• Source data
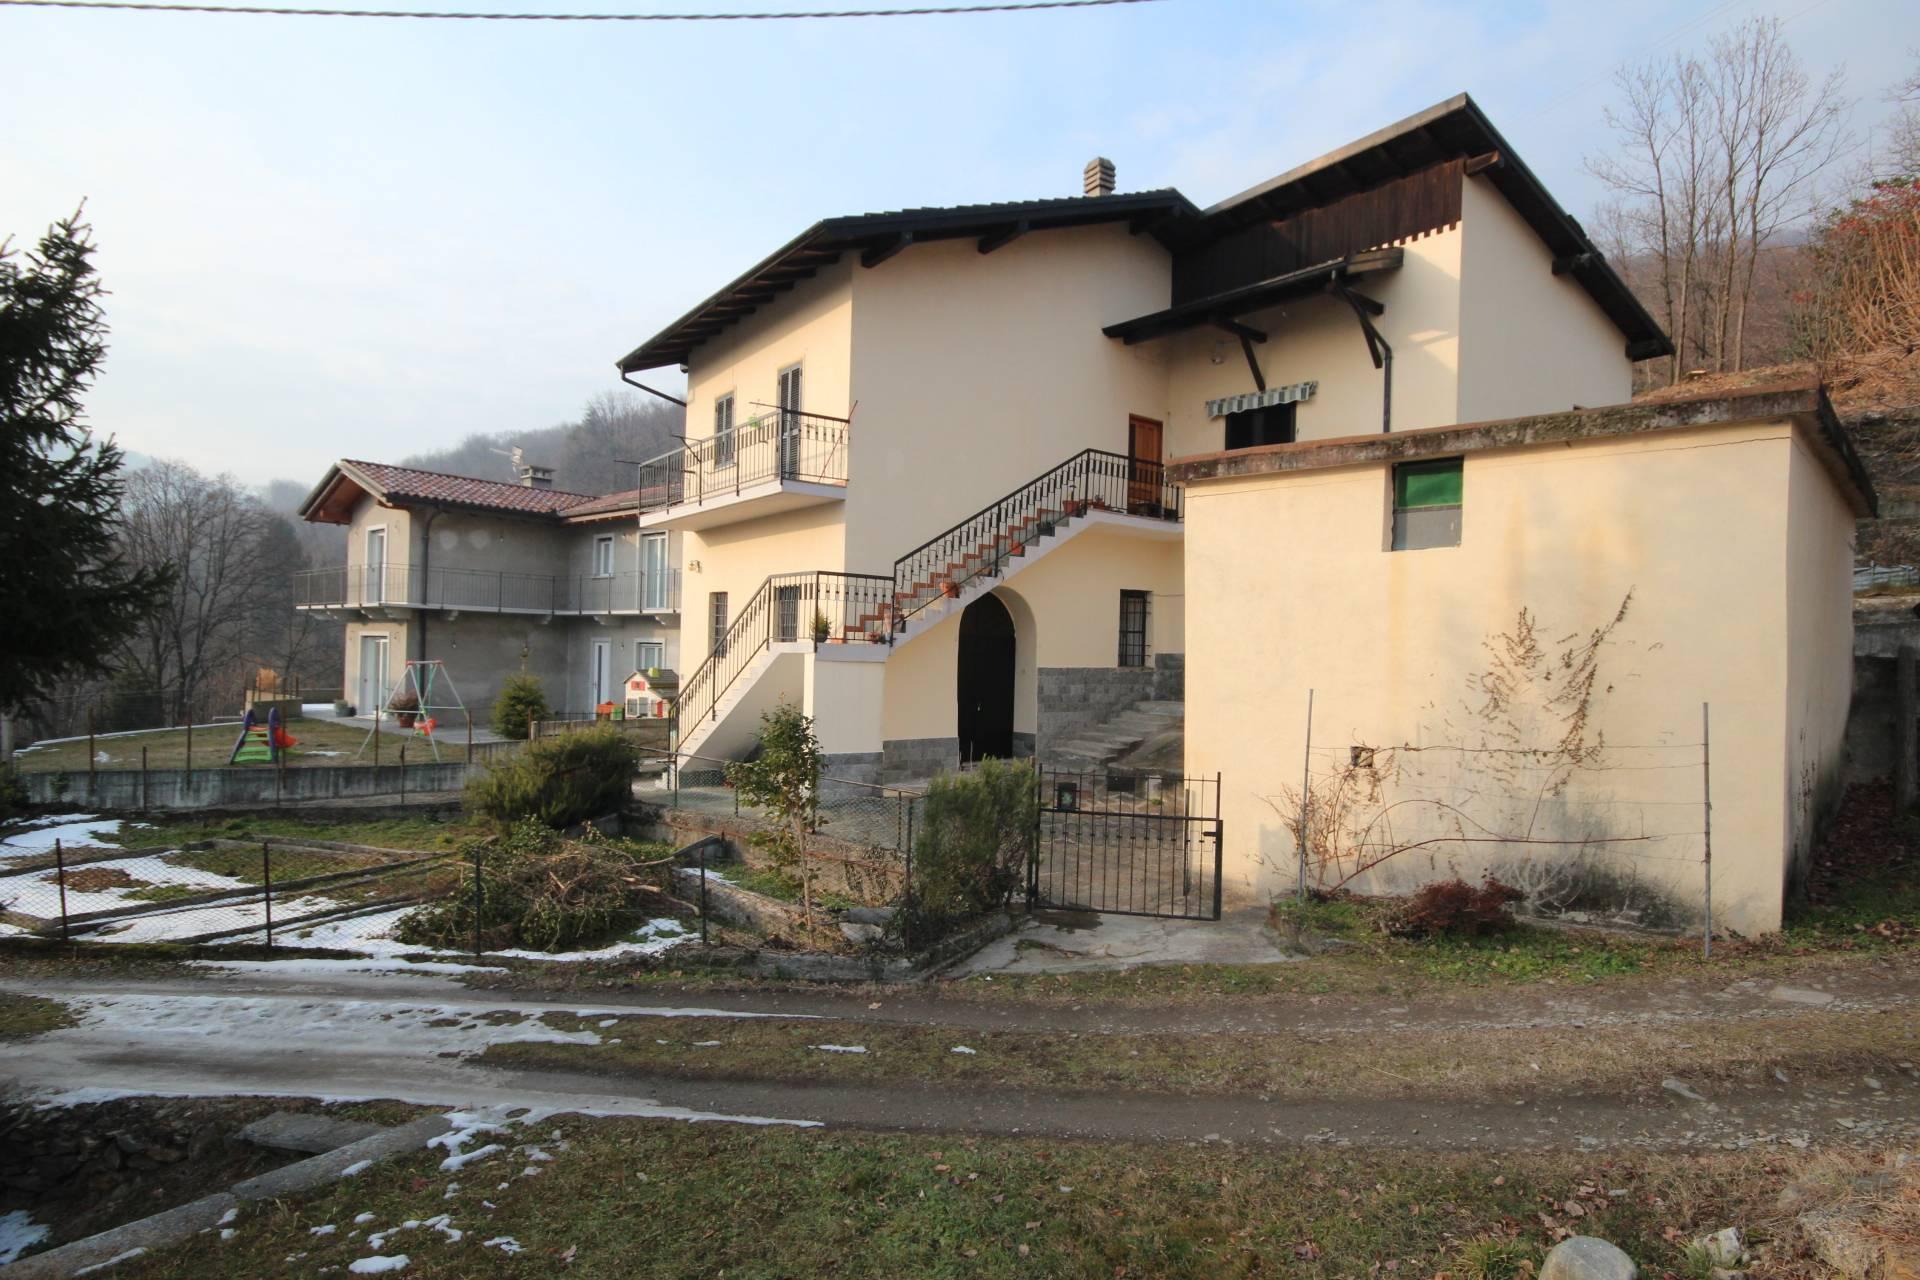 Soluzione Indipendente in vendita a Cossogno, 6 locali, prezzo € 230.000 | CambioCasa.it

==

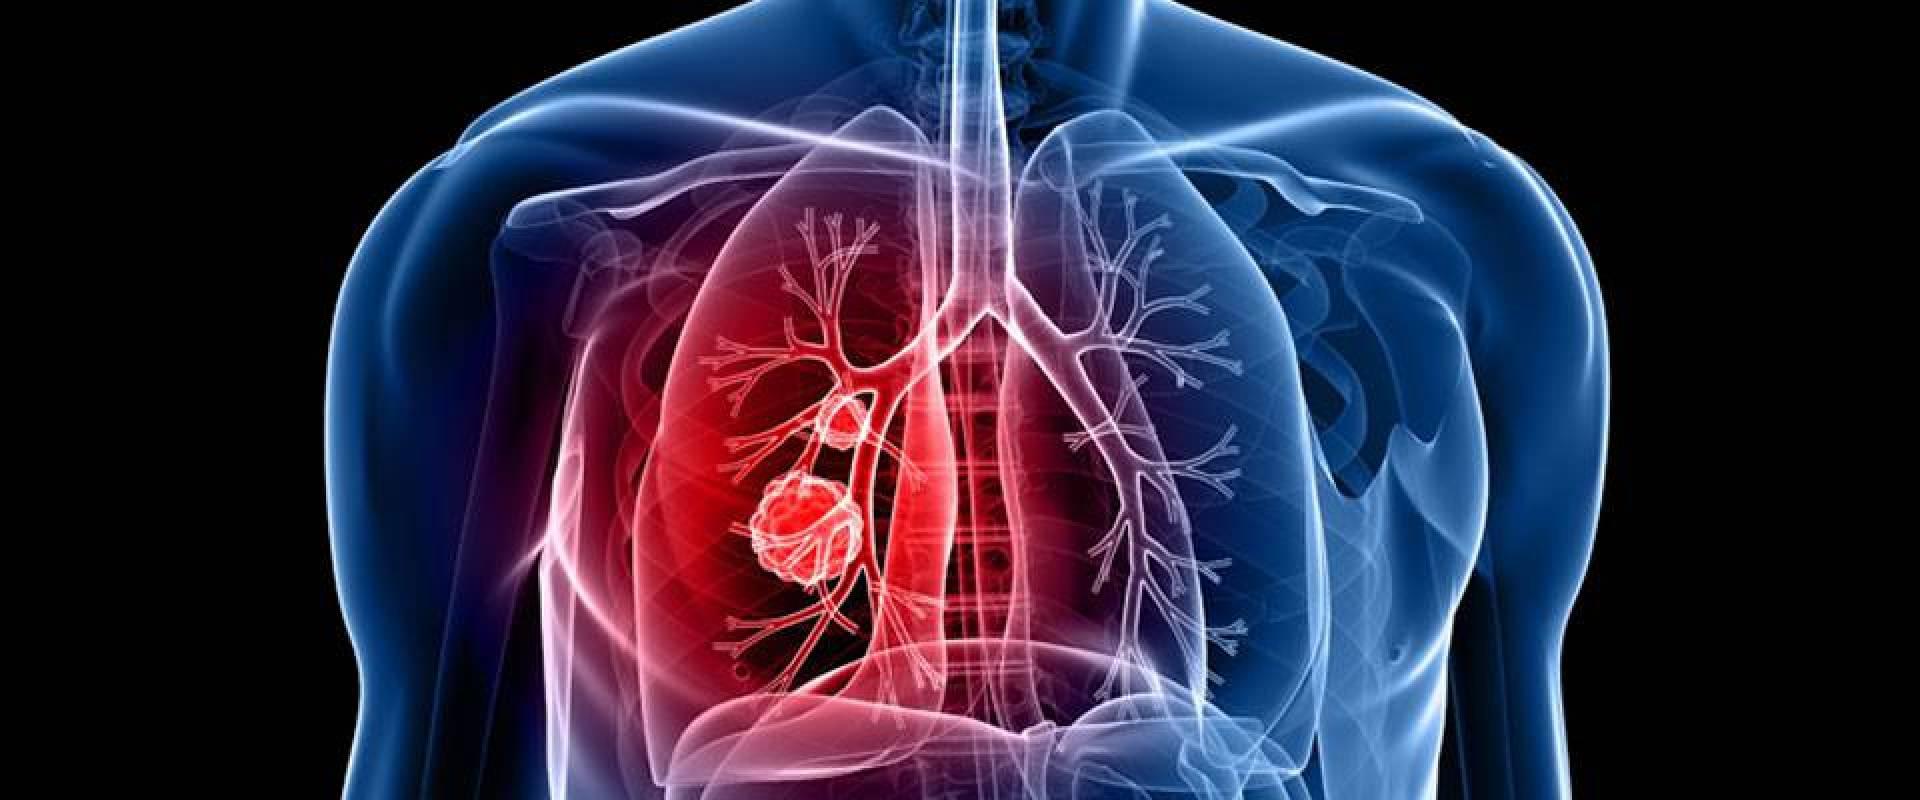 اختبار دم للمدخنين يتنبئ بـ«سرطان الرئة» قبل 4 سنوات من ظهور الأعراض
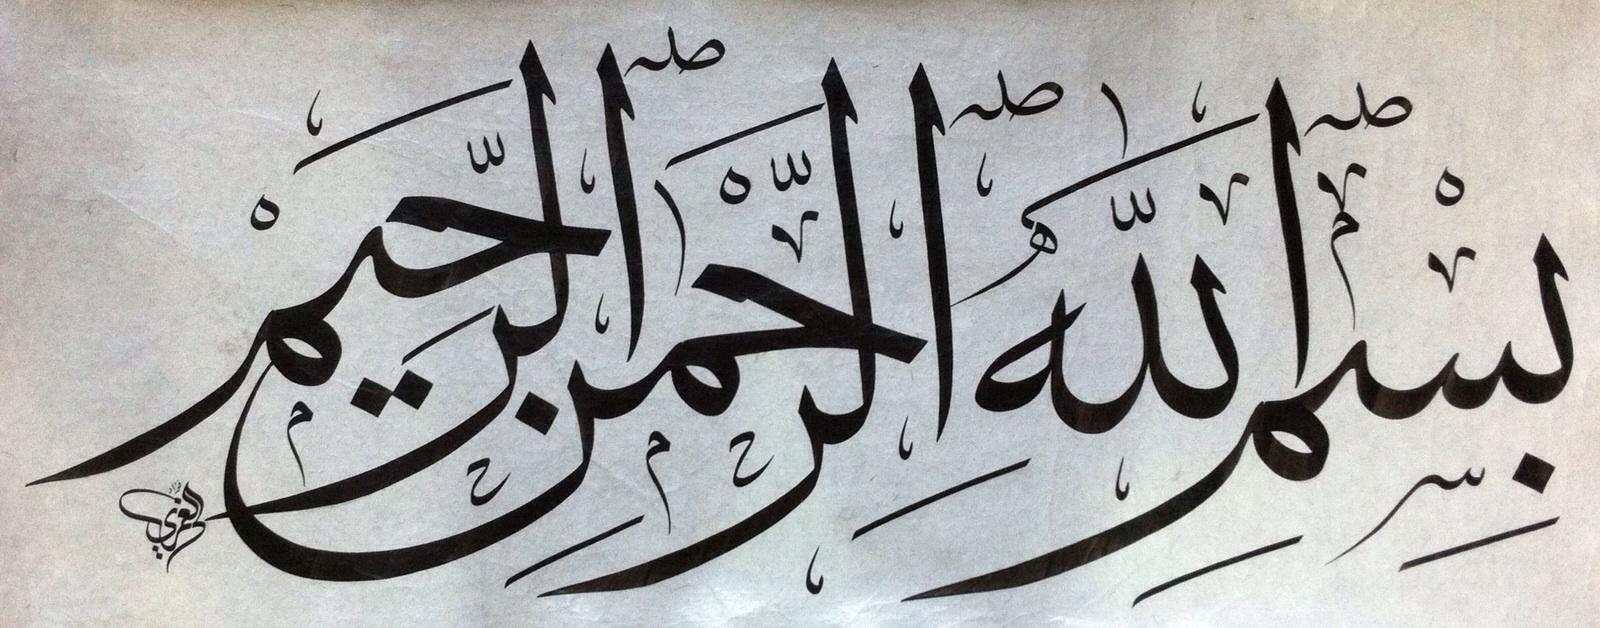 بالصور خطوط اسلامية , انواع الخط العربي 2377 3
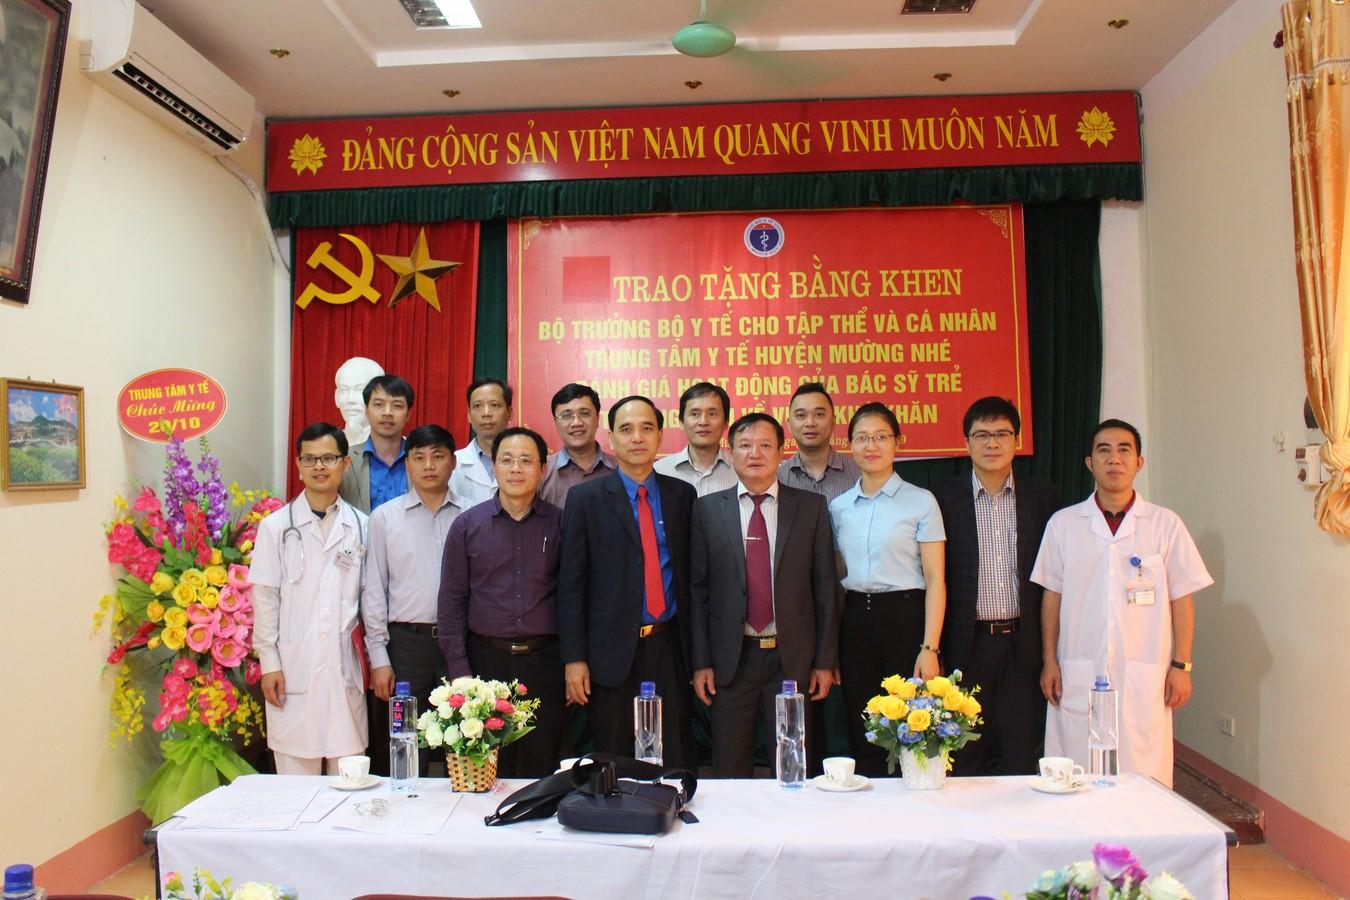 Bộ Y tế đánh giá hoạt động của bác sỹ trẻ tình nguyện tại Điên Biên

==

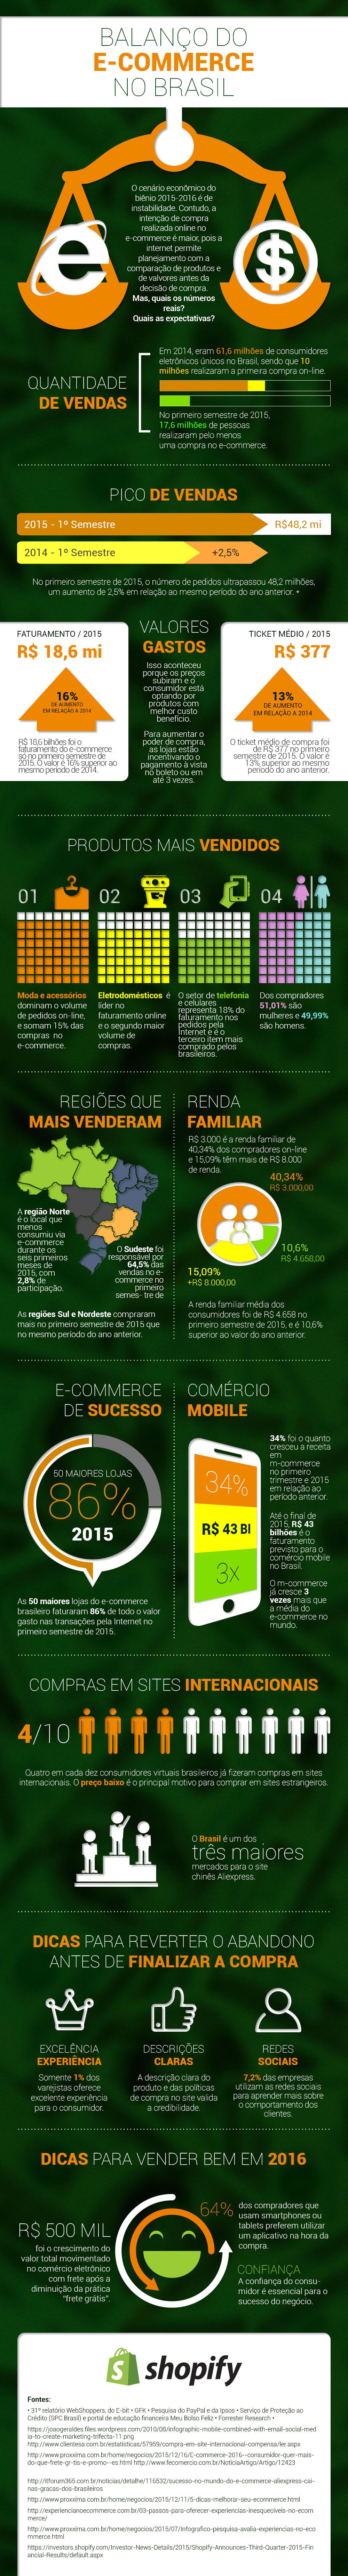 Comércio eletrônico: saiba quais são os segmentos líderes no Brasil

• How to complete this task
Return only the part above that opens with the line containing "اختبار دم للمدخنين" and closes with the line containing "Bộ Y tế đánh", exactly and with both ends, skipping the pictures.

• Result
 اختبار دم للمدخنين يتنبئ بـ«سرطان الرئة» قبل 4 سنوات من ظهور الأعراض
 بالصور خطوط اسلامية , انواع الخط العربي 2377 3
 Bộ Y tế đánh giá hoạt động của bác sỹ trẻ tình nguyện tại Điên Biên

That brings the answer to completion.